• _Your objective_
Beginning with the line where "可愛いリズムを刻むジャジーなポップロックの未再生の波形" appears, restate each line word for word until the data ends. Pictures do not go in.

• _Input data_
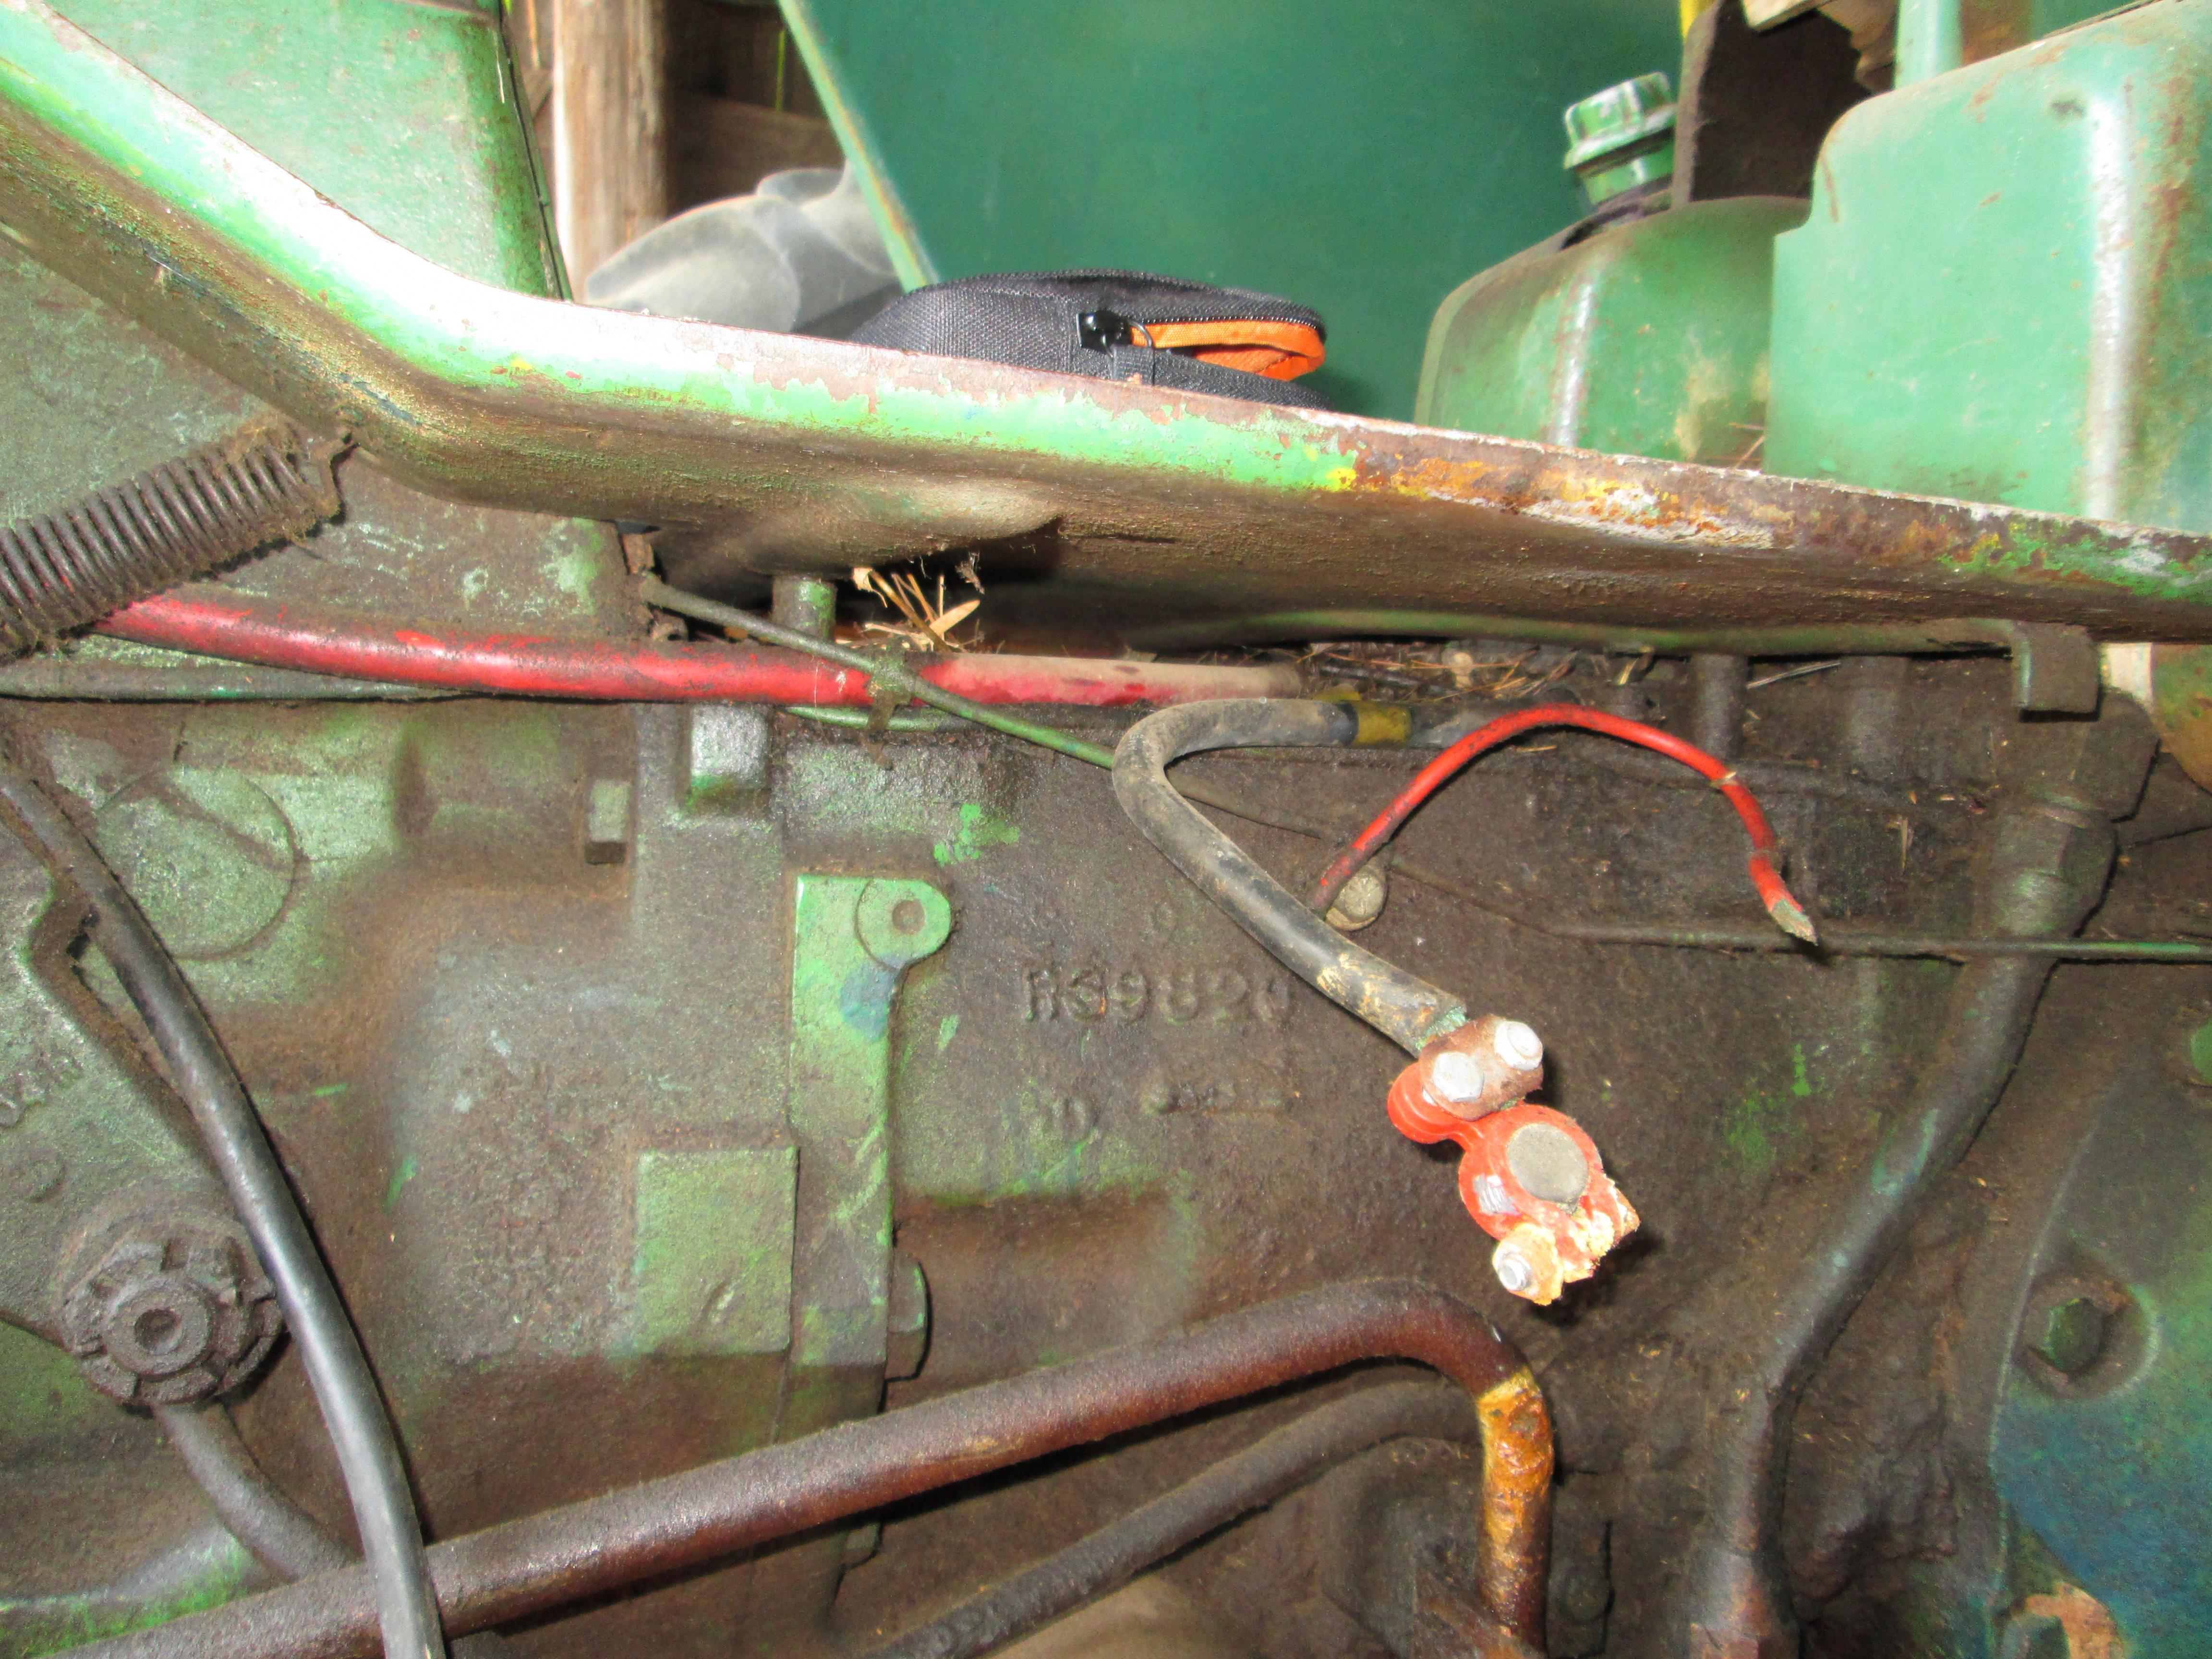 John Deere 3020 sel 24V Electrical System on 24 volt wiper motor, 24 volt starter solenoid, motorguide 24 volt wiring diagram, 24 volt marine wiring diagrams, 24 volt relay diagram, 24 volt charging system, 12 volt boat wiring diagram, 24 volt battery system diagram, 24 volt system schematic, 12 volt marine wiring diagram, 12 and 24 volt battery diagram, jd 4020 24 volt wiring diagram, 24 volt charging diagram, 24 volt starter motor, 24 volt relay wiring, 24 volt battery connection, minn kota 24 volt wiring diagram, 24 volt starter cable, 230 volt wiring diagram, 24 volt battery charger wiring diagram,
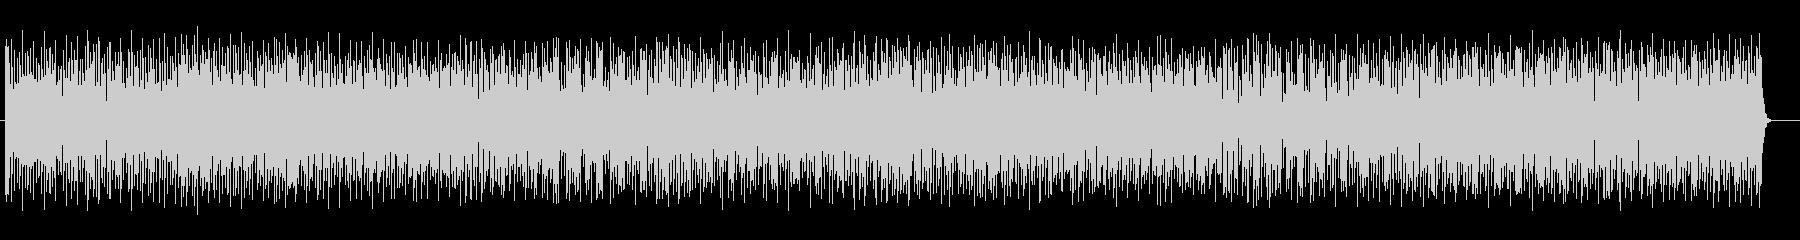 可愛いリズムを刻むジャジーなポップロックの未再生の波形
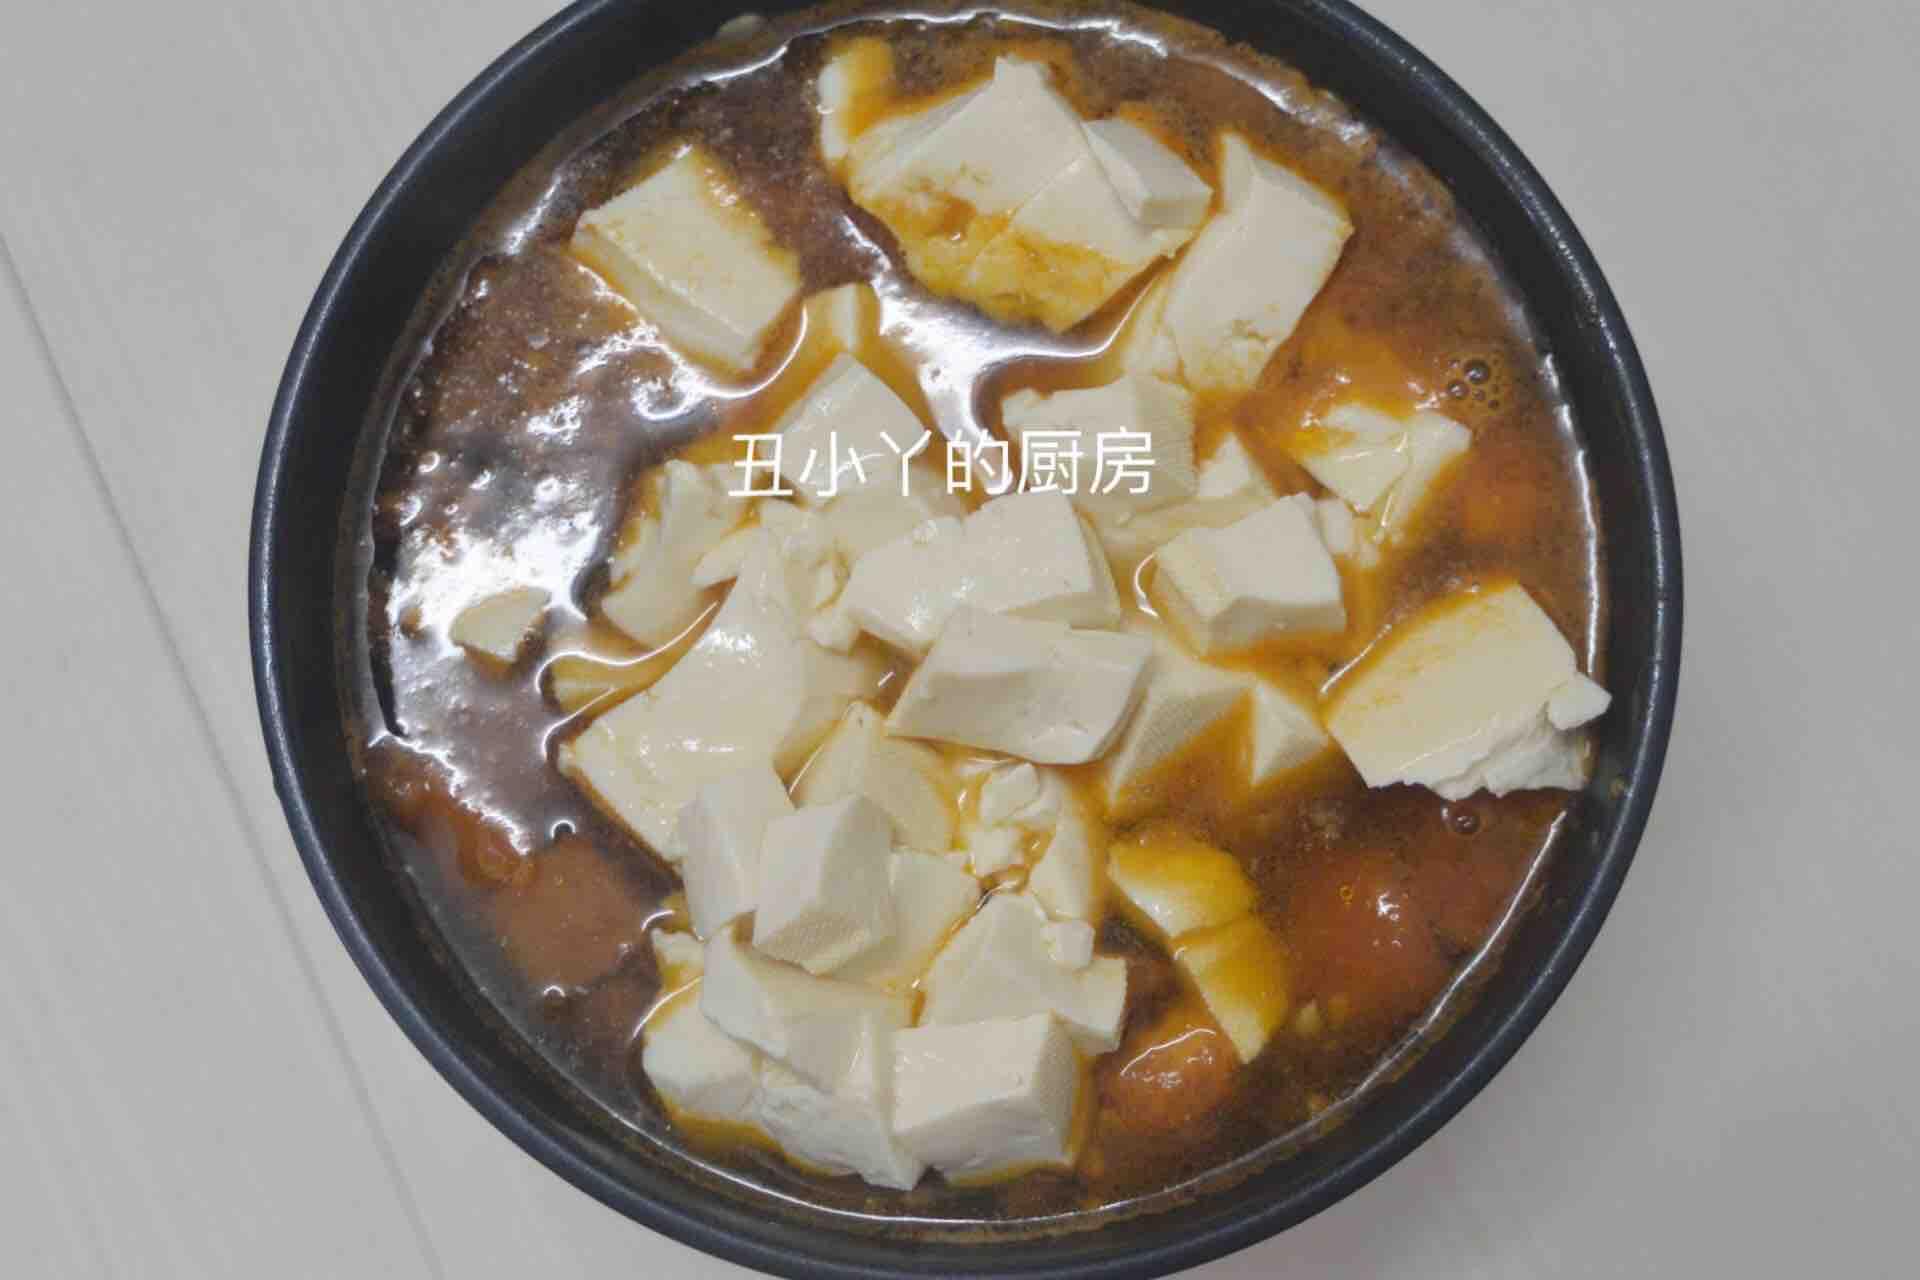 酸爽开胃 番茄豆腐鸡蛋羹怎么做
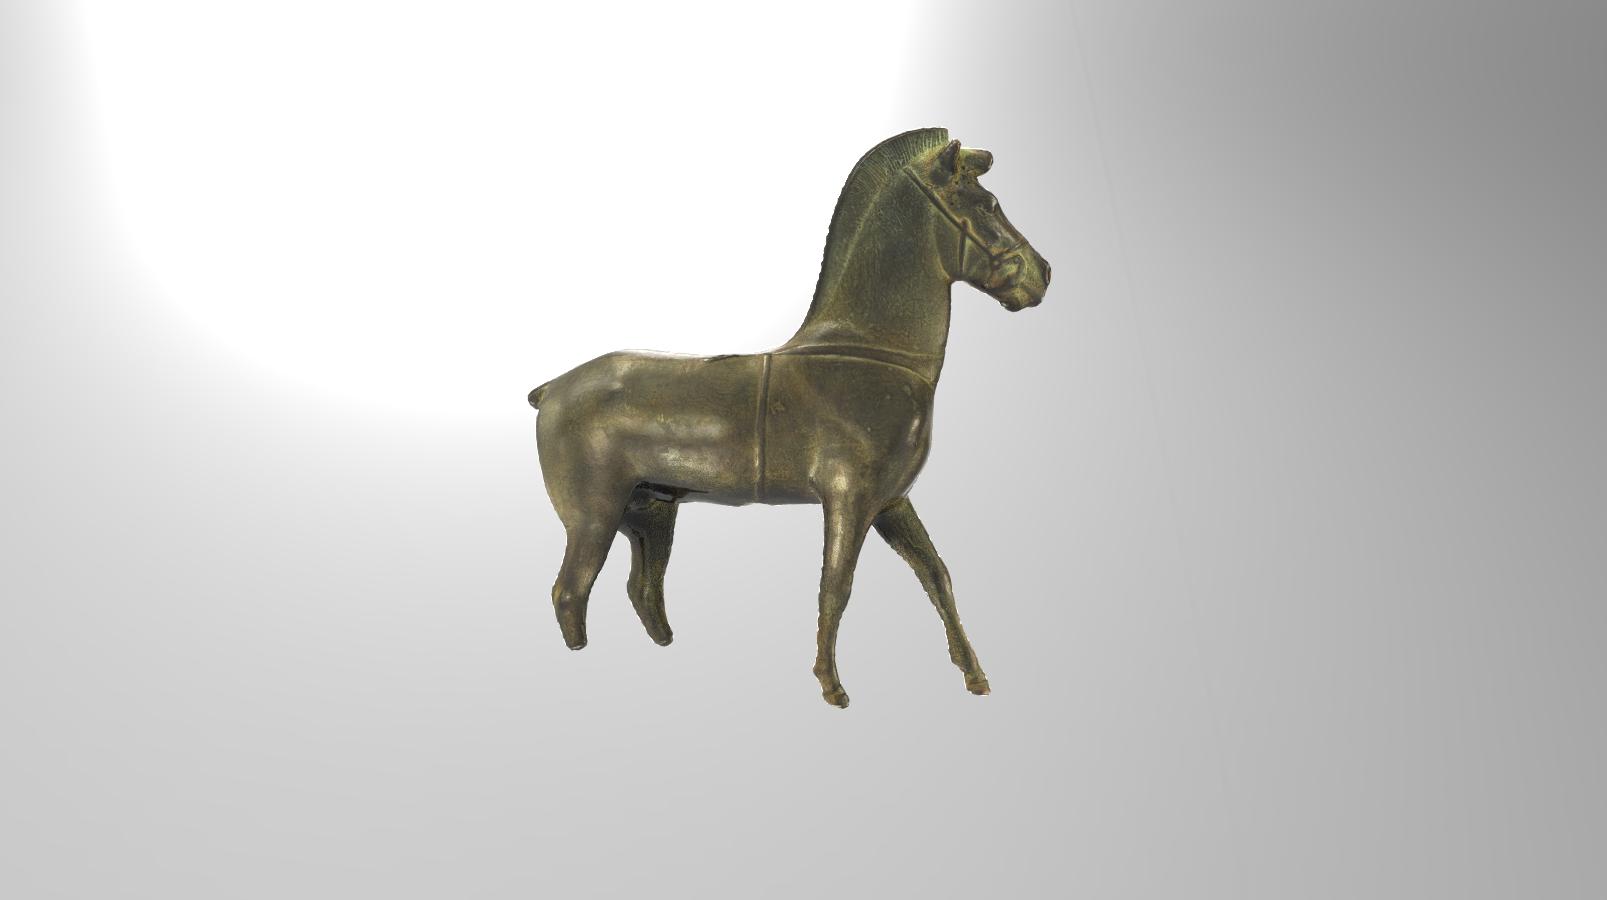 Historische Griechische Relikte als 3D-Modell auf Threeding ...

• _Output below_
 可愛いリズムを刻むジャジーなポップロックの未再生の波形
 酸爽开胃 番茄豆腐鸡蛋羹怎么做
 Historische Griechische Relikte als 3D-Modell auf Threeding ...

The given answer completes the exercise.